Last year, the three amigos swept into Canada, separately bought large stakes in three Canadian icons, Hudson's Bay Co., Fairmont Hotels & Resorts Inc. and Algoma Steel Inc., then began applying pressure for sweeping corporate makeovers. Mr. Icahn and Mr. Zucker took shareholder pressure to new extremes by reaching into their deep pockets and launching separate bids to acquire control, respectively, of Fairmont and HBC. Mr. Paulson is content for the moment with merely demanding representation on Algoma's board, but it may only be a matter of time before his onslaught turns the company into takeover bait.
Big-time U.S. investors are being drawn to Canada as part of a global hunt for higher investment returns to supplement lacklustre stock market gains. Last year, raiders realized that Canada was fertile ground for hostile takeovers because, unlike the United States, regulators and courts here tend to limit the defences companies can throw up when they have been targeted by an unfriendly buyer. Sharon Geraghty, an M&A specialist with Torys LLP, said Canadian regulators take a dim view of companies that erect anti-takeover defences, such as poison pill plans, for longer than 45 days.
"This has made Canada a good environment for hostile bids," Ms. Geraghty said. "The interesting question is what are the long-term effects on the economy and the Canadian business community."
TRUSTY MERGERS
The newest combatants on the takeover battleground were not supposed to even be on the field. When income trusts were first created a few years back, they were pitched as slow and steady vehicles that would deliver reliable yields. Well, that was then. Turns out these newfangled corporate inventions are so prolific and successful at raising cash from investors that they are itching to spend money buying competitors and consolidating their market dominance.
The only problem is that the legal framework for income trust takeovers is almost non-existent. The void is yielding some pretty inventive legal M&A work. "We have the flexibility to invent a lot of new ideas. . . . We're going to have to be increasingly creative with trusts in the M&A field," said Torys LLP partner and trust expert Philip Brown.

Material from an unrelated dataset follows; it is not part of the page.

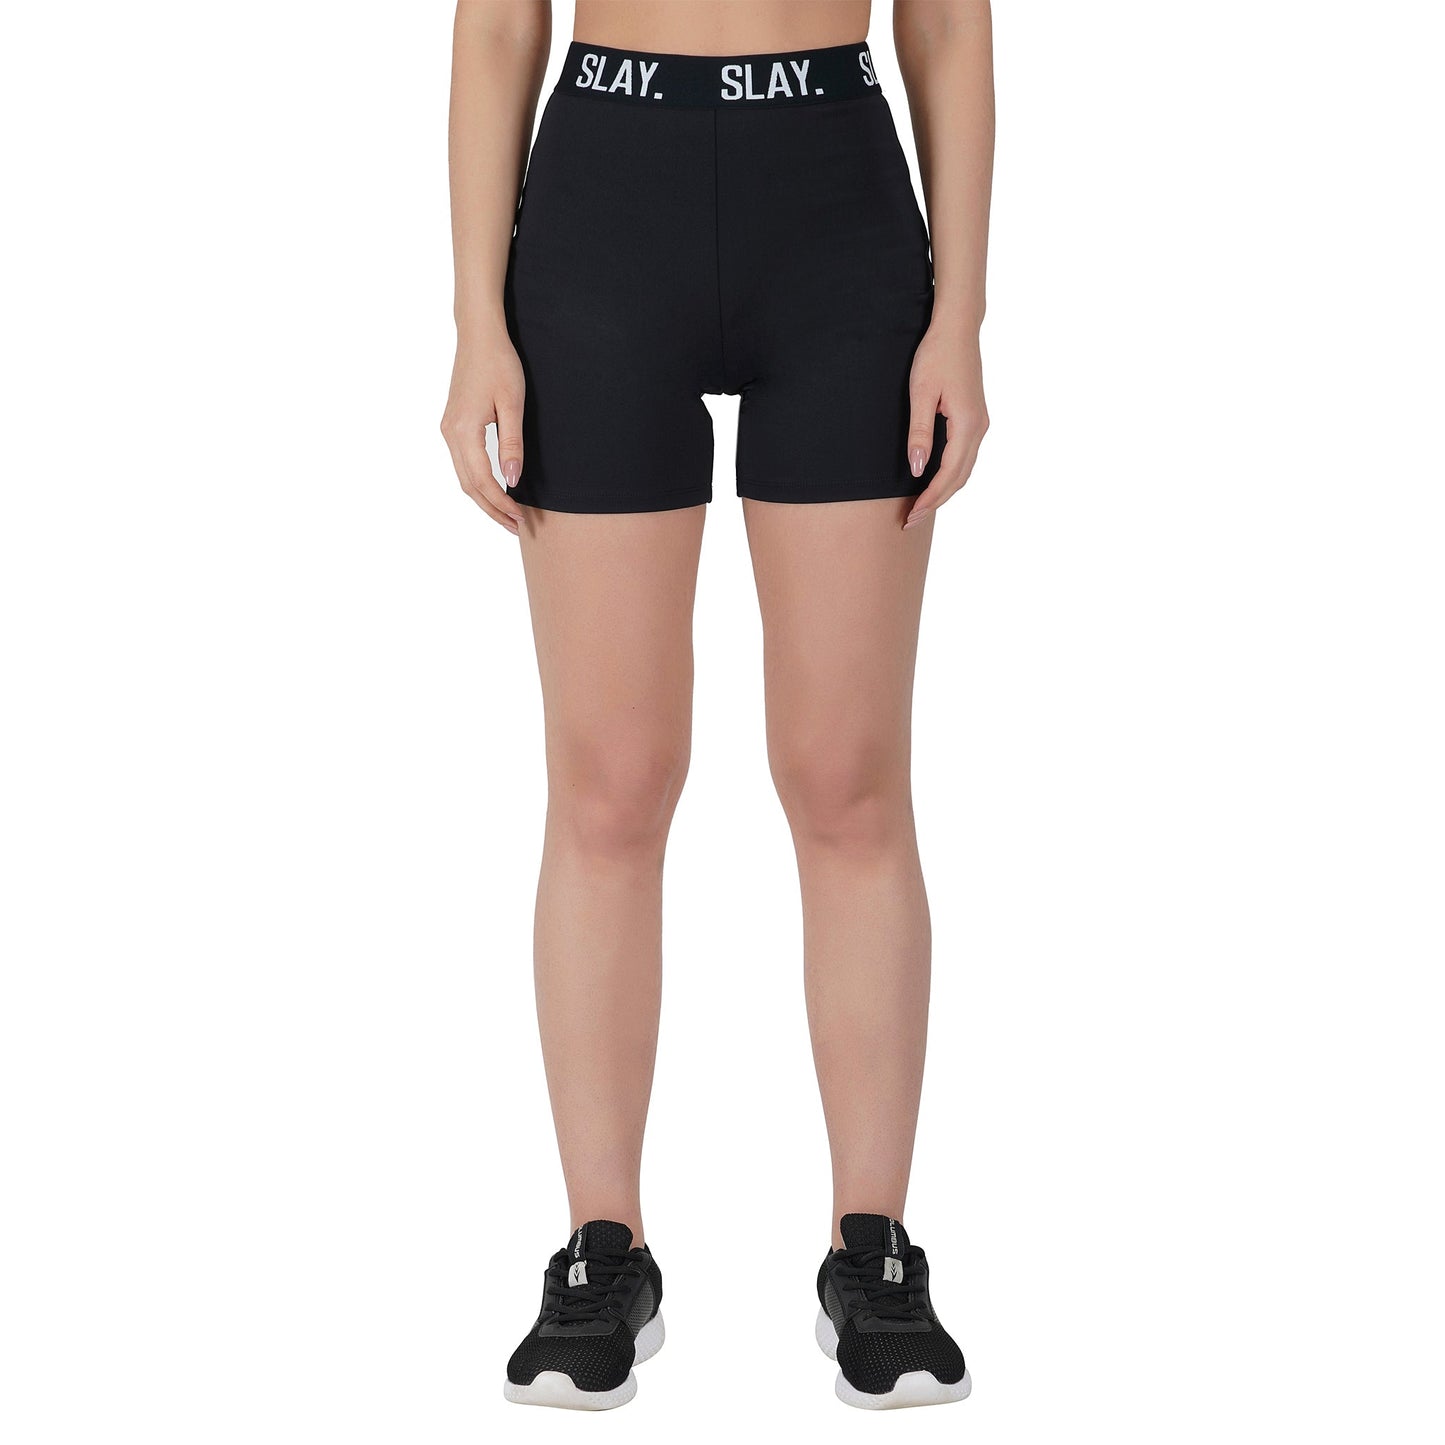 SLAY. Women's Activewear Black High Waist Shorts

The biggest obstacle to income trust mergers is that old trust bugaboo -- taxes. When corporations marry, shareholders can be shielded from capital gains by rolling their old shares into the new company's shares. Income trusts can only roll over units from one trust to another if their founding declarations of trust are amended. If you are still with us, that means trust holders have to vote on the amendment and that means the odds are stacked against hostile takeovers in the trust sector.

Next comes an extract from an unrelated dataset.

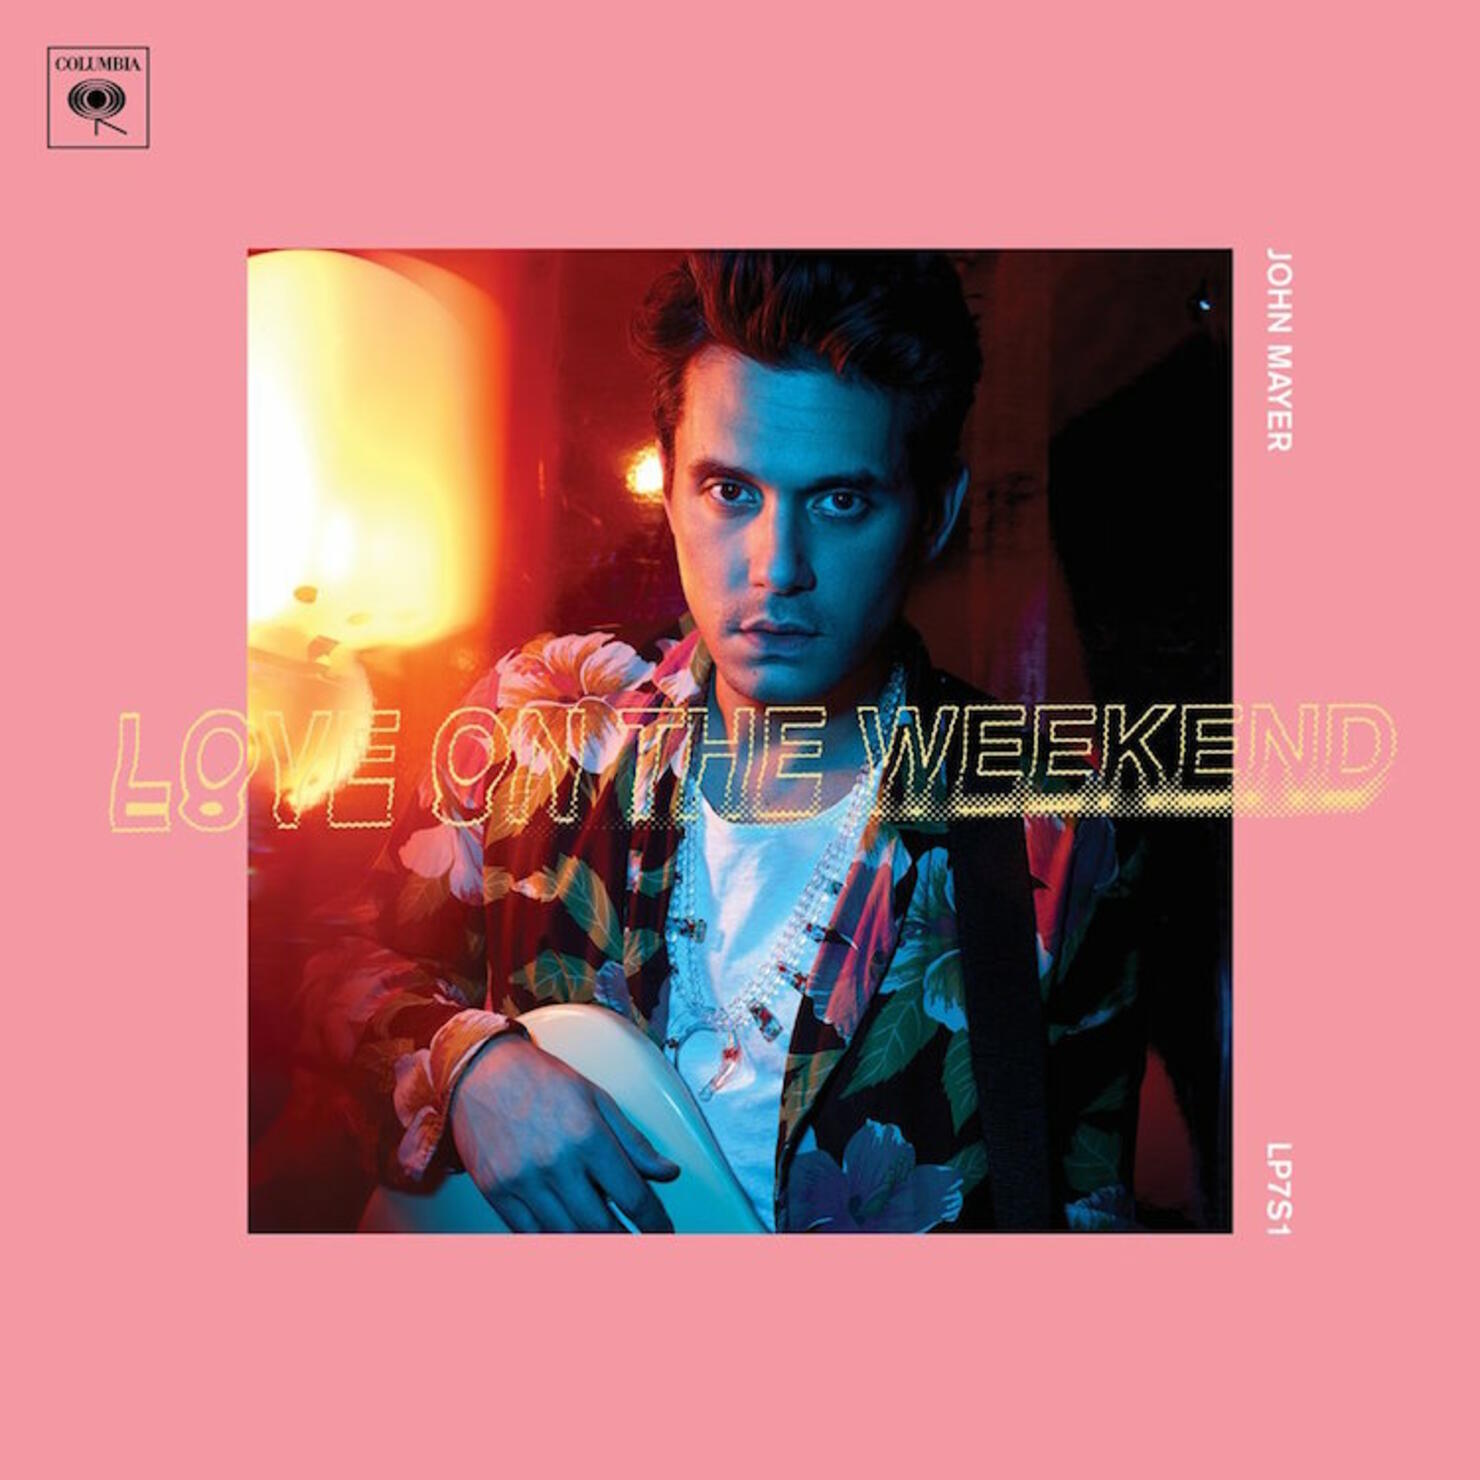 John Mayer - 'Love on the Weekend' Album Art Cover

Or so it seemed, until customs broker PBB Global Logistics Income Fund launched an unfriendly bid last fall for rival Livingston International Income Fund. PBB's creative Stikeman Elliott LLP lawyer Simon Romano came up with the bright idea of structuring its offer so that any Livingston unitholder that accepted its offer effectively gave PBB the power of attorney to amend their declaration of trust. The sweeping power of attorney grab never got tested because the two trusts negotiated an agreement last month, but watch for other nimble lawyers to experiment with the concept this year.
CORRECTION
Livingston International Income Fund bid to acquire PBB Global Logistics Income Fund, and Stikeman Elliott LLP lawyer Simon Romano advised Livingston on the pending merger of the two companies. Incorrect information was published yesterday.